A collection of Futuregrowth thought leadership pieces, media articles and interviews.

Funding clean energy with inflation-linked debt

19 Jun 2016


The Kathu Solar Park is a 100MWp concentrated solar power (CSP) plant currently being built 10 km outside the town of Kathu near the Sishen Iron Ore mine in the Northern Cape.


The developer of the project is Engie (formerly known as GDF Suez), one of the largest Independent Power Producers in the world with 117GW installed power (21.5GW from renewable energy sources). This is approximately three times the installed capacity of Eskom!

Providing inflation-linked debt

Futuregrowth is part of the lender consortium, which is predominantly made up of the major local banks and development finance institutions, providing the project with inflation-linked debt. This debt enables the project to better match its debt repayments to the tariff received from generating electricity as both are linked to the Consumer Price Index (CPI).  As such, the project is better able to optimise its capital structure, thus enabling it to charge a lower energy tariff to Eskom.

The project

The Kathu project was awarded preferred bidder status in the Round 3 CSP bidding window of South Africa’s Renewable Energy Independent Power Producer Procurement Programme (REIPPPP). In order to be awarded this status, Kathu Solar Park had to be one of the 17 projects selected out of 93 bids submitted in the third bid window. Projects were evaluated on the basis of both tariff charged for energy generated and local content (procurement and employment).  
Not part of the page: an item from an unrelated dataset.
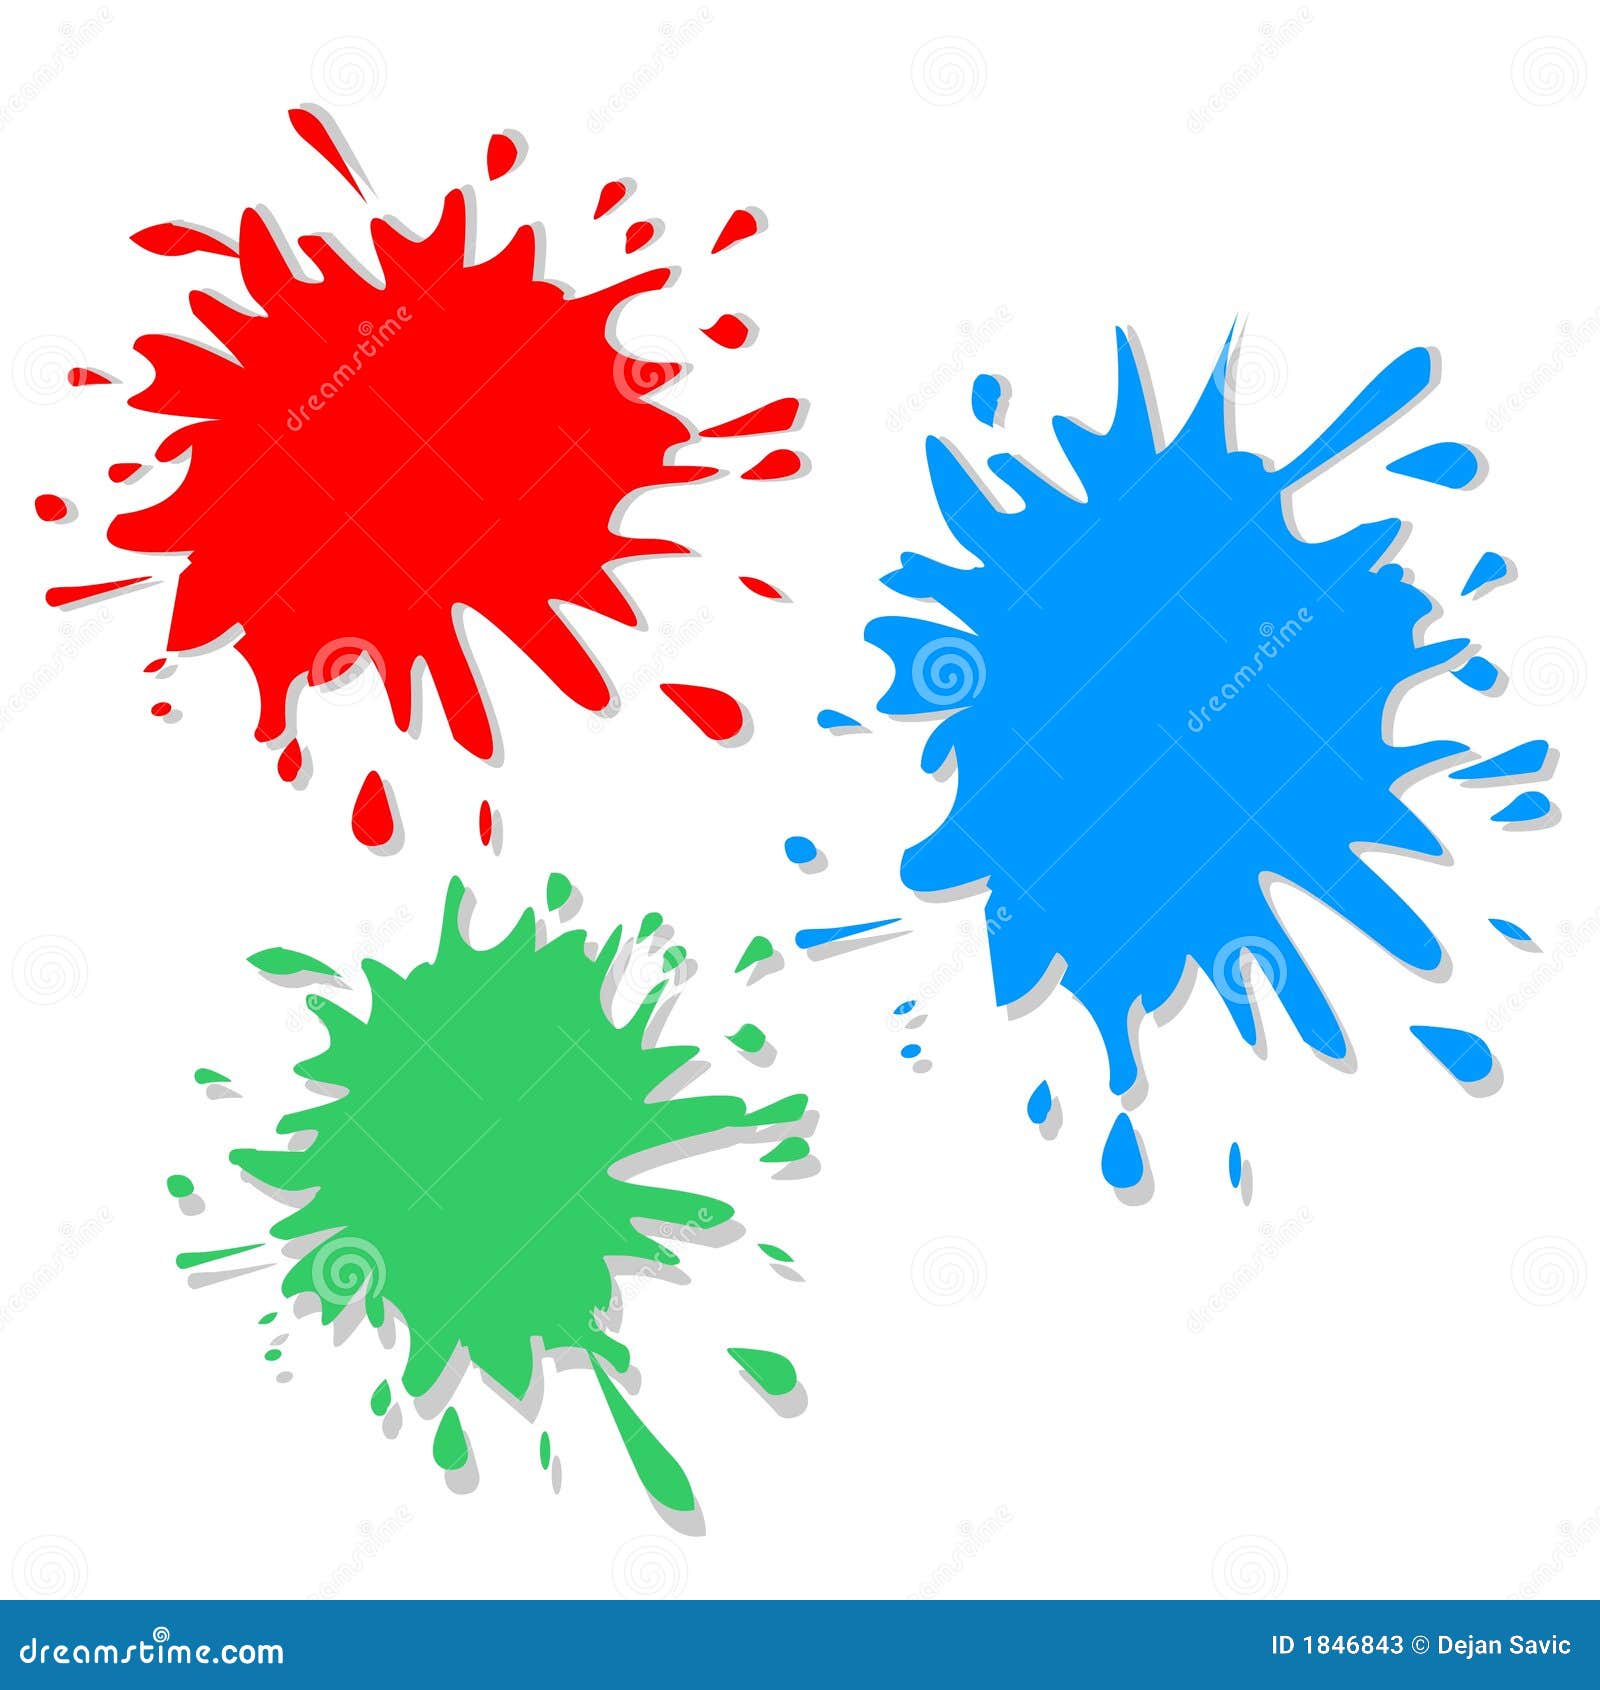 Ink blot stock vector. Illustration of paint, shapes, round - 1846843

The project applies CSP technology – specifically, parabolic trough technology. This technology uses a field of curved mirrors which focus the sun’s heat onto a thin pipe with heat transfer oil running through it.
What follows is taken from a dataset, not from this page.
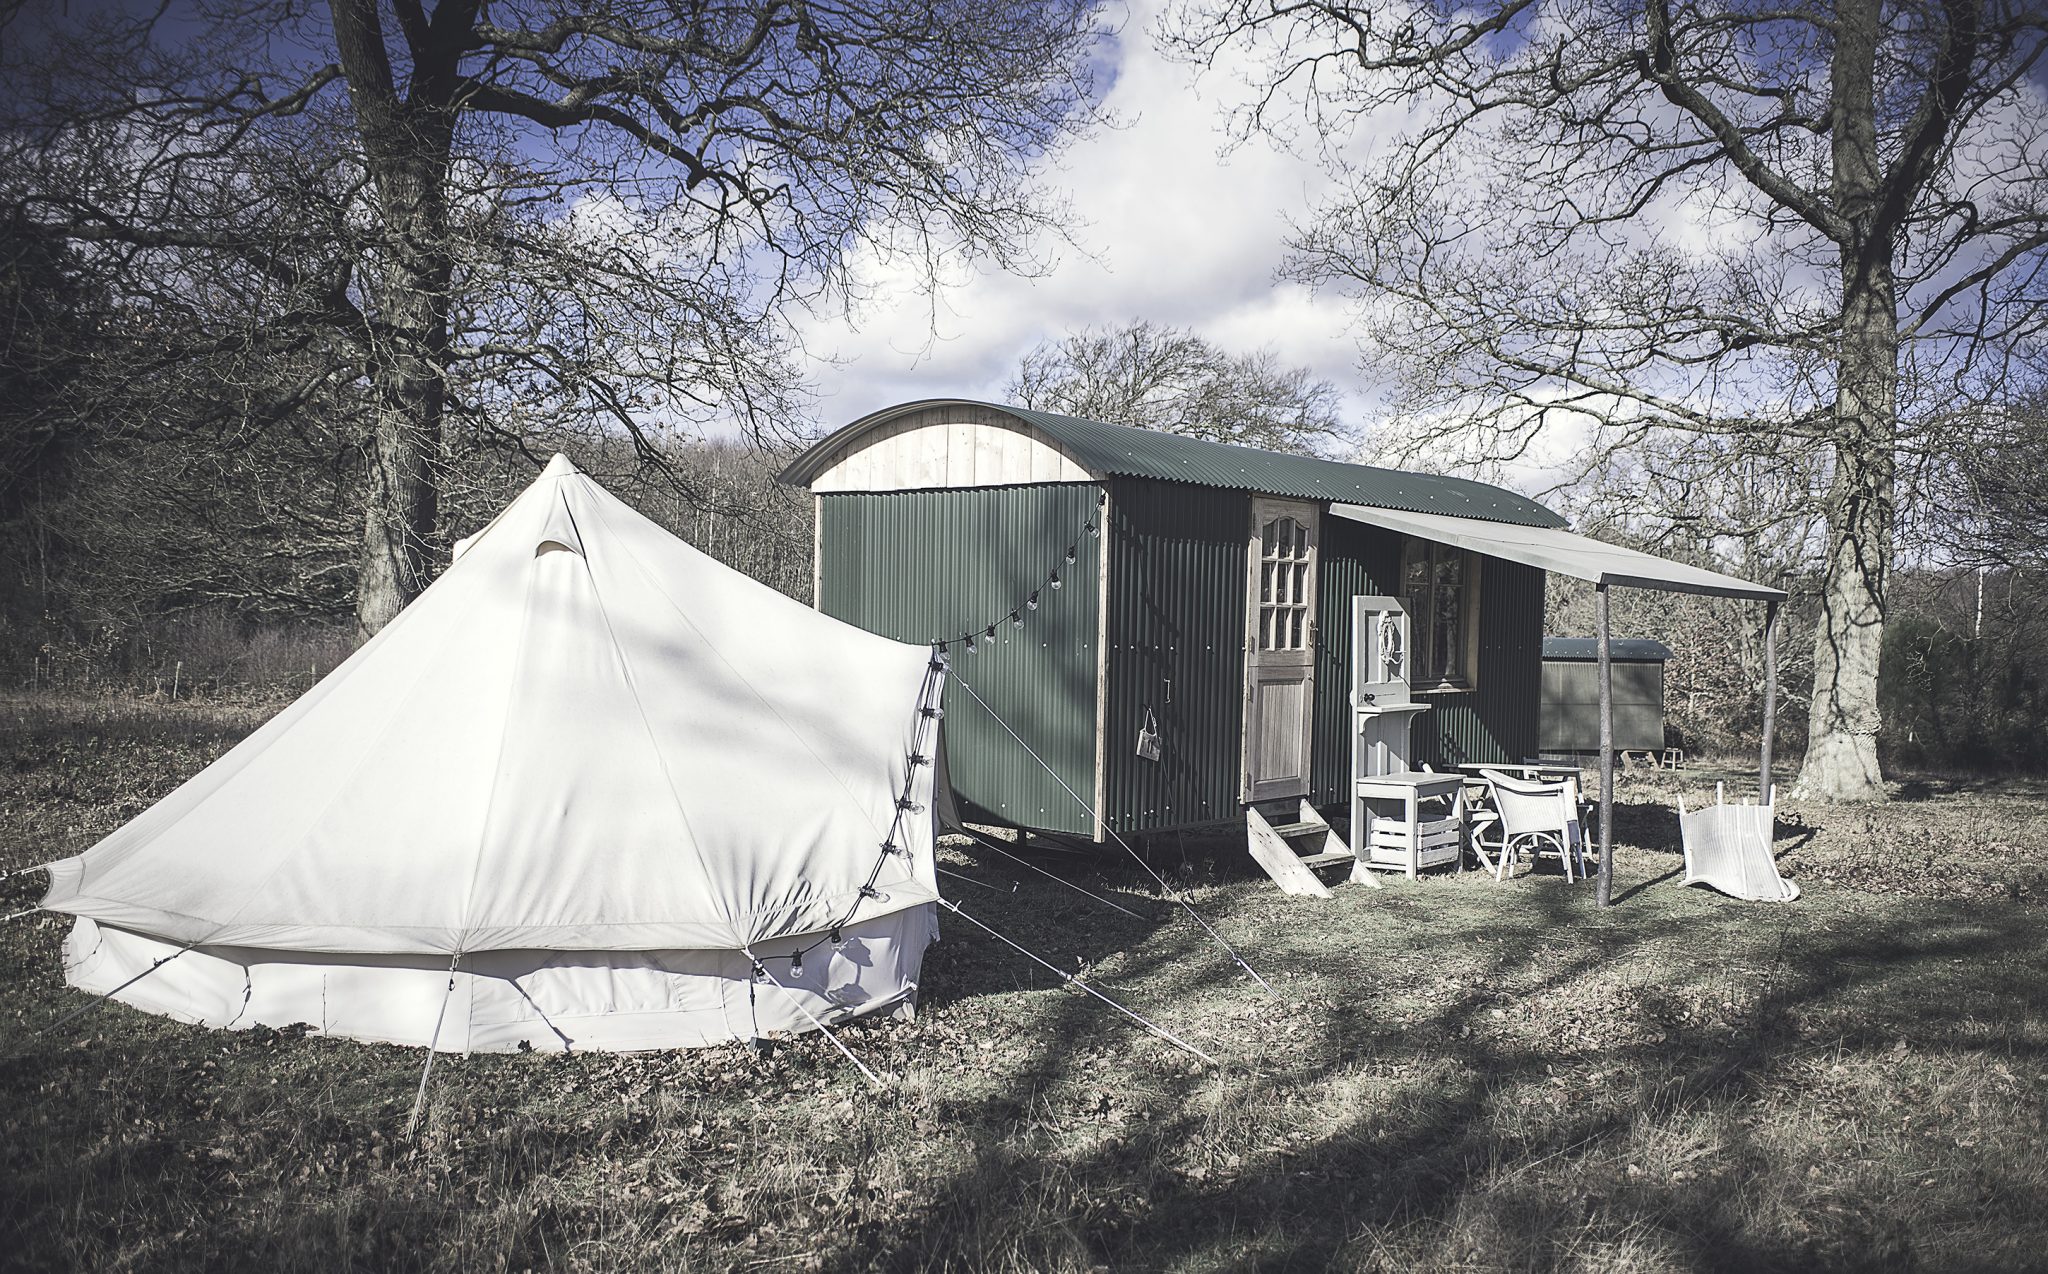 Sheperds hut and bell tent

The oil is heated to over 350⁰C and this heat is used to create steam. This steam is used to generate power similarly to a typical thermal power plant using a steam turbine. In other words, the key difference between a coal fired power station and the parabolic trough CSP power station is the way in which the steam is produced; one from coal, the other from the sun.

Solar energy flow

Source: CSP World

Storage: The game changer

The Kathu plant, being a CSP plant, has a key feature that makes it unique compared to other renewable energy technologies - storage. The plant is able to generate power at maximum power output for 4.5 hours after the sun has set. This is achieved by heating up molten salt during daylight hours from 228⁰C “cold” salts up to 382⁰C hot salts. The salt is stored in thermal storage tanks which maintain the high temperature. After sunset, the plant uses the molten salt to generate steam instead of the heat transfer fluid.

CSP plants like Kathu address the major drawback to traditional renewable energy plants, namely timing. The intermittent nature of the wind and solar resource results in power being generated at a time when it is not necessarily required. For example, solar PV plants’ peak production is at noon while South Africa’s peak demand time is after 5pm. In order to “transfer” this energy generated to the peak demand time, a pump storage facility is required. But this comes at an additional cost that is not often factored in.
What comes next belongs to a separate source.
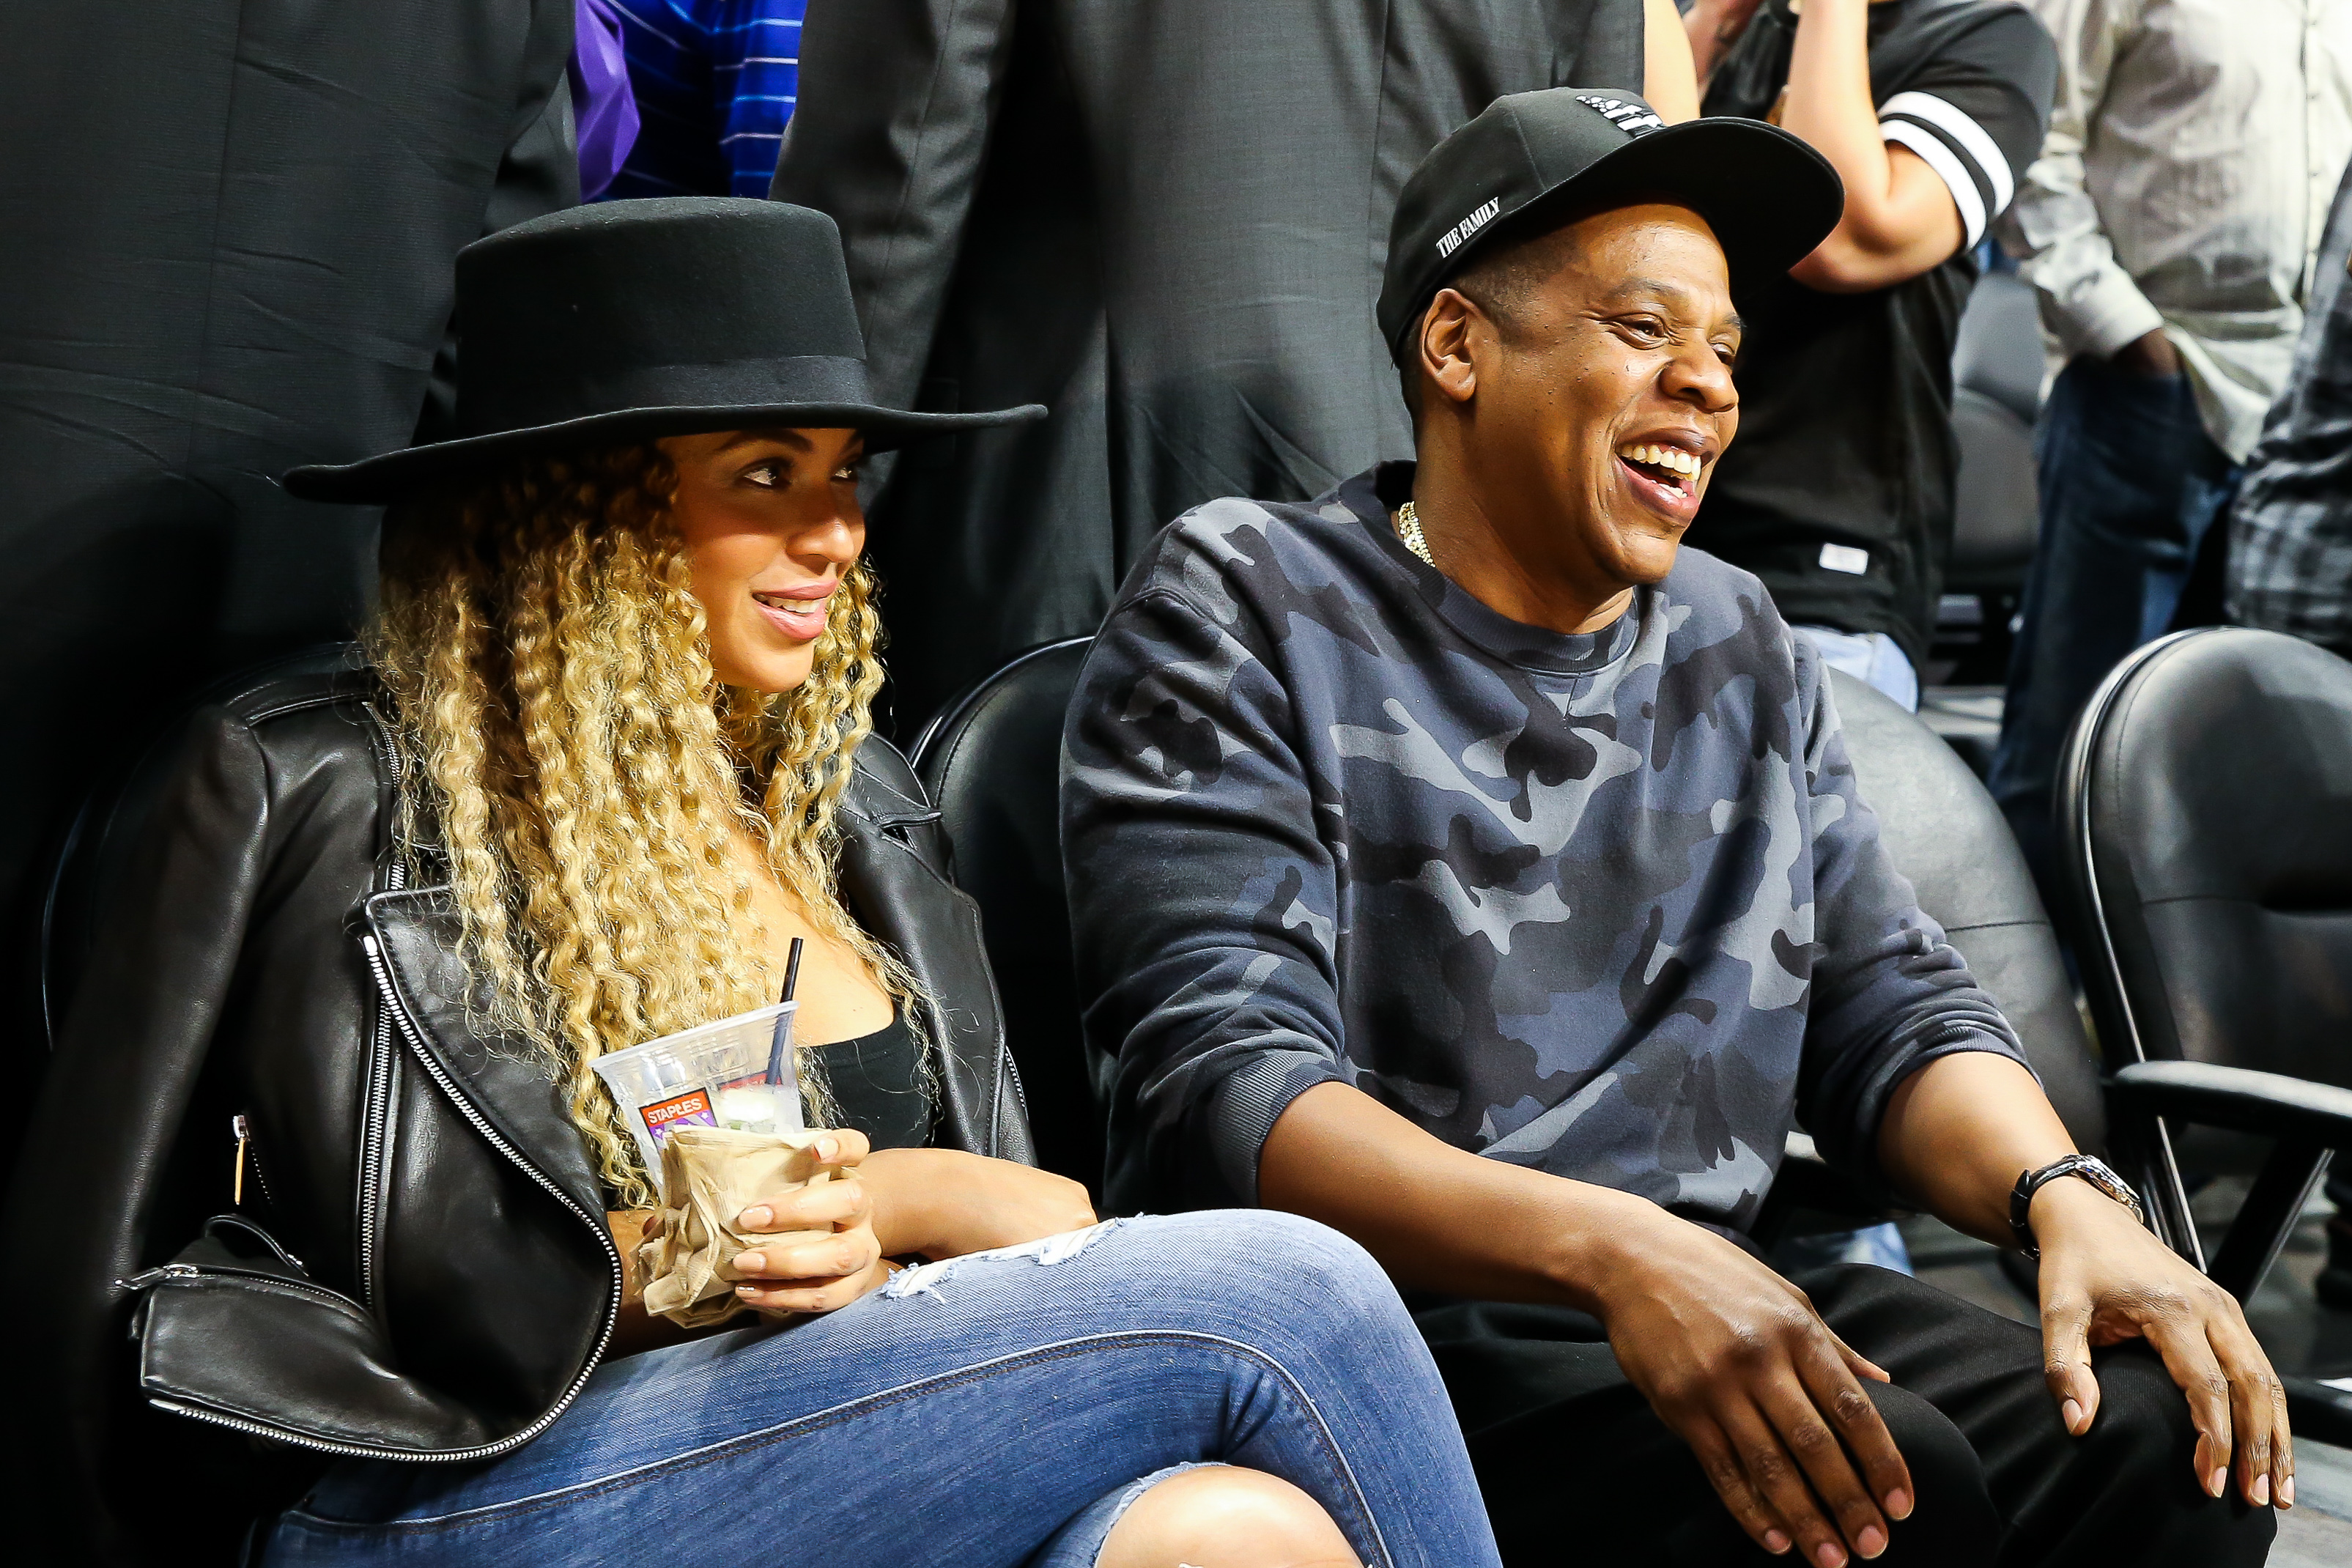 Beyonce and Jay-z

Through its built-in storage capacity, the Kathu project is able to produce at peak capacity during this peak demand time. In effect, the plant is able to bridge the gap between traditional renewable energy technologies (solar PV and wind) and “dirty” base load power such as coal. The Kathu project is able to generate electricity when the economy requires it and is able to do this in an environmentally sustainable way!

Alignment with pension funds

Investing in this project via an inflation-linked debt instrument gives our clients the advantage of protecting purchasing power while earning appropriate risk-adjusted returns. Given that the inflation outlook in South Africa in the medium term is around 6%, this remains an important consideration for our pension fund clients.